Open Road For On-Demand TMS
As companies search for solutions that increase efficiencies-in the face of higher operational issues-on-demand TMS is meeting great expectations.


Interest in on-demand transportation management systems (TMS) continues to grow, as do deployments of the Web-based systems. The benefits over traditional TMS solutions include rapid deployment, lower upfront costs, quick time to value and supply-chain network connectivity.

As companies search for solutions that increase efficiencies in the face of higher operational expenses-such as surging fuel prices-on-demand, or software as a service (SaaS), TMS appears to be meeting great expectations.

Essentially, the on-demand TMS model allows companies to access TMS functionality via the Internet. The system resides at a vendor's location and generally consists of single-instance, multi-tenant software; it is a shared solution allowing multiple companies to access the same application. Firewalls protect the respective databases of each company within the network.

Vendors report little change management is necessary once a solution is deployed. Savings in overall transportation spend can range from five percent to 20 percent, depending on the efficiency of transportation management before an on-demand system is deployed. Higher savings are common for companies manually managing transportation activities before deployment.

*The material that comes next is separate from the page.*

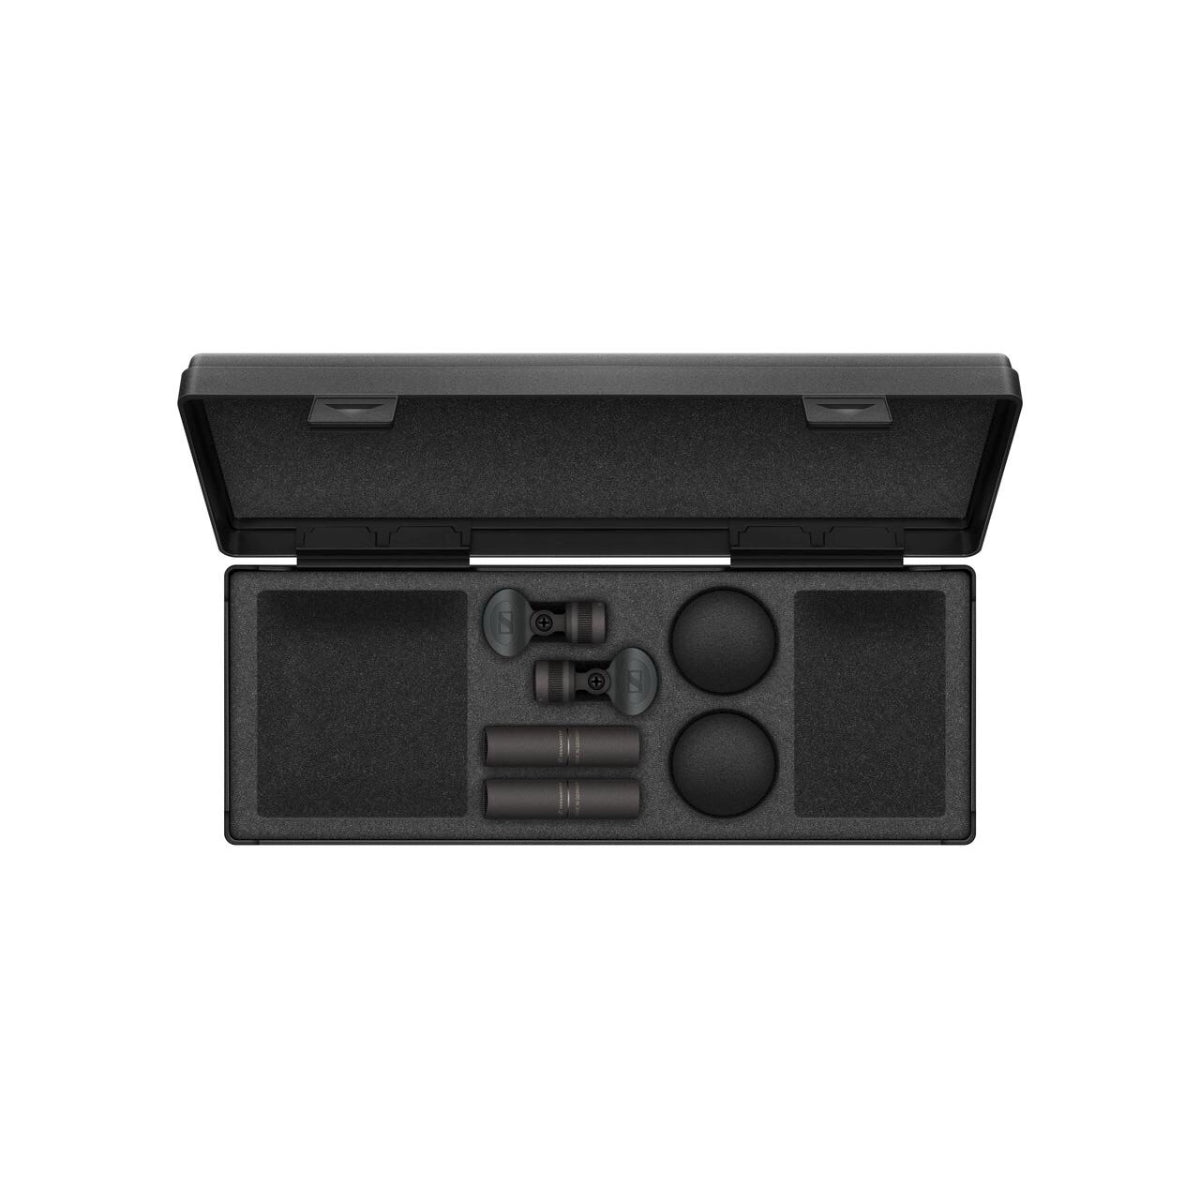 Sennheiser MKH 8020 Stereoset Redesign 2x Condenser Omni-directional Microphone, 2 XLR Module, Black

Instead of paying a big licensing or purchase fee, companies pay a rental fee for SaaS or on-demand TMS, says Steve Banker, director of supply chain management for ARC Advisory Group in Dedham, MA. Generally, companies can choose from the single-instance, multi-tenant software placed on a vendor-controlled server or they can have the vendor software reside on their own server, behind the company's firewall.

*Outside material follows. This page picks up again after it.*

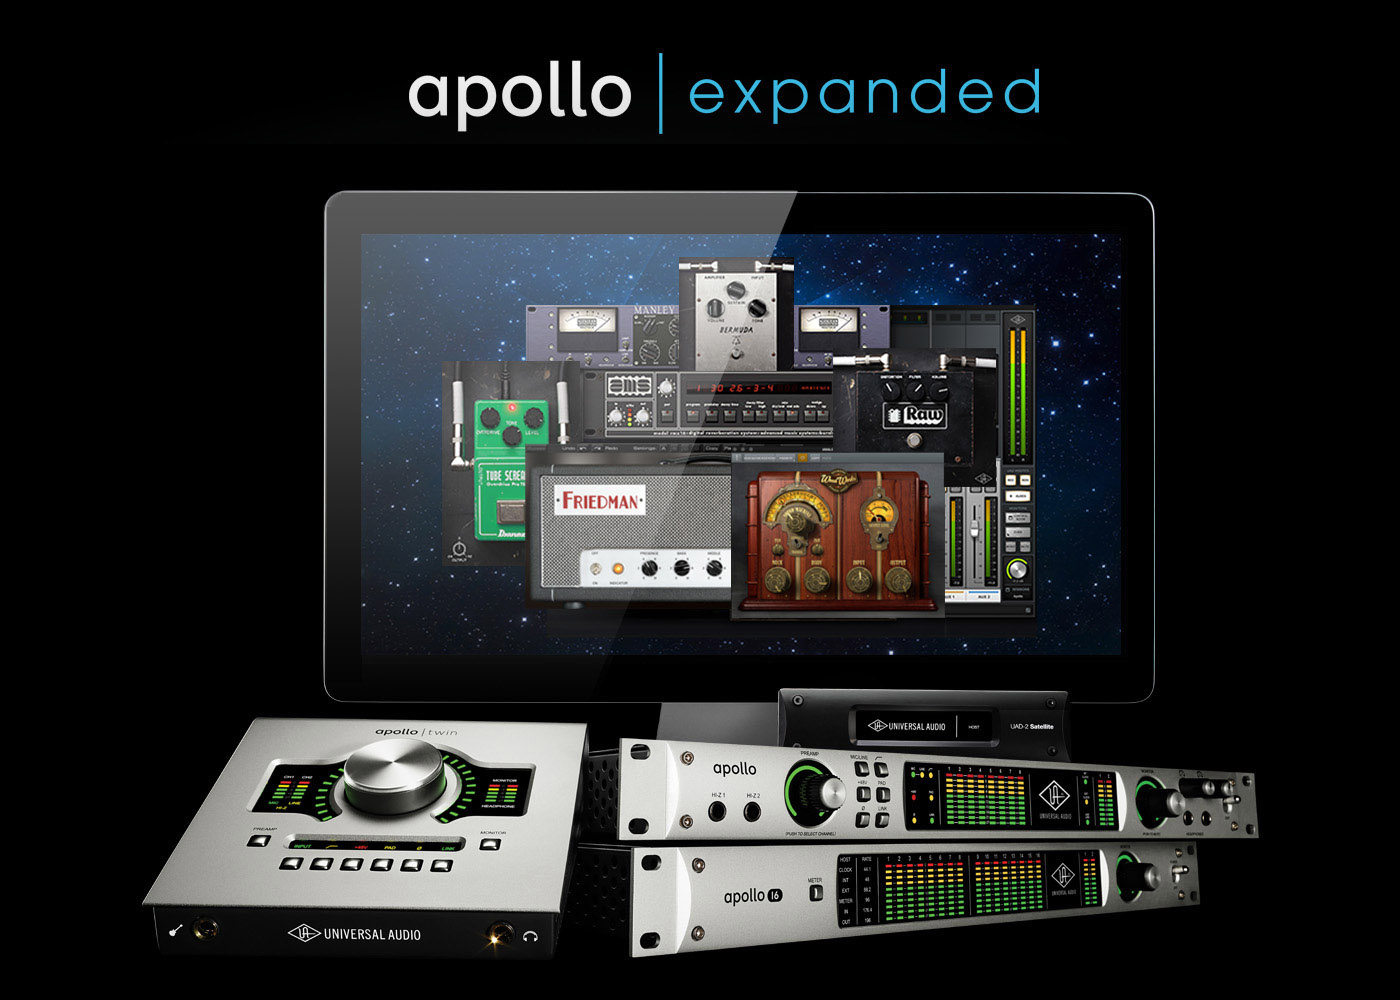 Apollo Expanded

Analysts report that companies with a transportation spend of under $100 million are well suited for on-demand TMS, which can deliver a higher ROI than traditional, on-site and in-house solutions.

"Oftentimes logistics is at the bottom of the priority list when it comes to capital investments," notes Adrian Gonzalez, director, Logistics Executive Council at ARC Advisory Group. "So even though the cost of traditional TMS installations has decreased over the years, on-demand TMS is much easier for logistics executives to get approved because the purchase is an operating expense, rather than a capital investment as a traditional TMS would be."

Companies are discovering a more significant and longer-term value proposition with this model because of the logistics network that is created, connecting customers with multiple shippers, carriers, trucking companies, 3PLs and suppliers, adds Gonzalez.

Companies can exchange information with all their trading partners via one connection. "In the past, a manufacturer might have been working with 100 carriers, 100 suppliers and 100 customers and it would have had to connect one-on-one with each of those parties, making 300-plus separate connections," explains Gonzalez.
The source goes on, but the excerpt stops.